Reputation: 784
I have the following function, which takes as input a dataframe and another parameter named "ratio"
def grouper(df, ratio):
if grouping > 0:
return df.apply(lambda x: x.mask(x.map(x.value_counts()) < len(df) * ratio, 'other'))
return df
This function group together those values which appear less frequently.

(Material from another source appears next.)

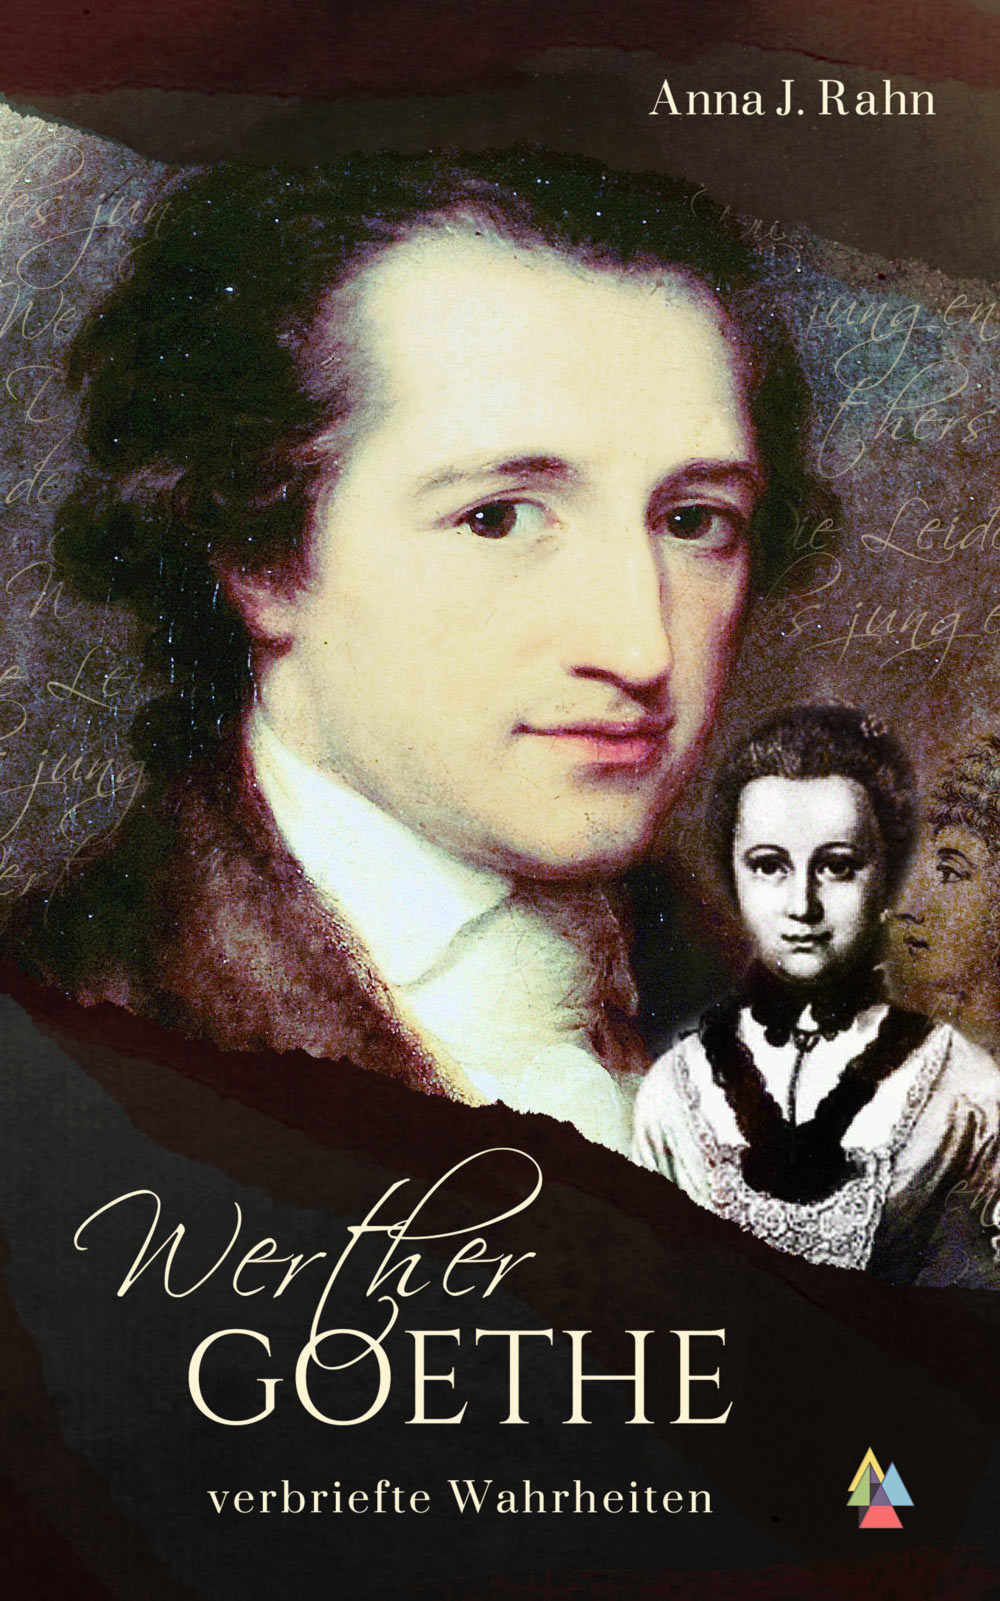 Werther Goethe - verbriefte Wahrheiten von Anna J. Rahn Jalara Verlag ISBN: ... - werther-goethe-anna-j.-rahn-verbriefte-wahrheiten-jalara-verlag-elisa-demonki-978-3-945482-33-91111

If my Dataframe were to be something like
>>> df
Country Manager
0 Italy Pippo
1 France Pluto
2 Germany Pippo
3 Italy Pluto
4 France Pippo
5 Spain Pluto
6 Italy Paperino
7 France Topolino
8 Norway Minnie
Then using the above-mentioned function I would have:
>>> grouper(df, 0.2)
Country Manager
0 Italy Pippo
1 France Pluto
2 other Pippo
3 Italy Pluto
4 France Pippo
5 other Pluto
6 Italy other
7 France other
8 other other
Now, I want to find a way to mark down which values have been changed. My desired output is something like this:
{
"City" : ["Germany", "Spain", "Norway"],
"Manager" : ["Paperino", "Topolino", "Minnie"]
}
How can I obtain this?
Upvotes: 0
Views: 40
Reputation: 863226
Use dictioanry comprehension with filtering each column:
def grouper(df, ratio):
if ratio > 0:
d={x:df.loc[df[x].map(df[x].value_counts()) < len(df) * ratio, x].unique().tolist()
for x in df.columns}
return d
return df
df = grouper(df, 0.2)
print (df)
{'Country': ['Germany', 'Spain', 'Norway'], 'Manager': ['Paperino', 'Topolino', 'Minnie']}
Upvotes: 1
Reputation: 784
I managed to do it in the most bloody way possible:
def grouper_cat(df, grouping):
dictionaries = df.apply(
lambda x: (
lambda y=x.value_counts() : (
lambda z =y[y<len(df)*grouping] : {z.name:(z).index.tolist()}
)()
)()
).values
result = {}
for d in dictionaries:
result.update(d)
return result
Example:
>>> grouper_cat(df, 0.2)
{'Country': ['Norway', 'Germany', 'Spain'],
'Manager': ['Topolino', 'Paperino', 'Minnie']}
Compared to @jezrael answer (the new, edited one), my solution is apparently faster
>>> timeit(lambda : grouper_cat(df, 0.2), number=2500)
6.257032366998828
>>> timeit(lambda : grouper_cat_jez(df, 0.2), number=2500)
8.312444757999401
Upvotes: 0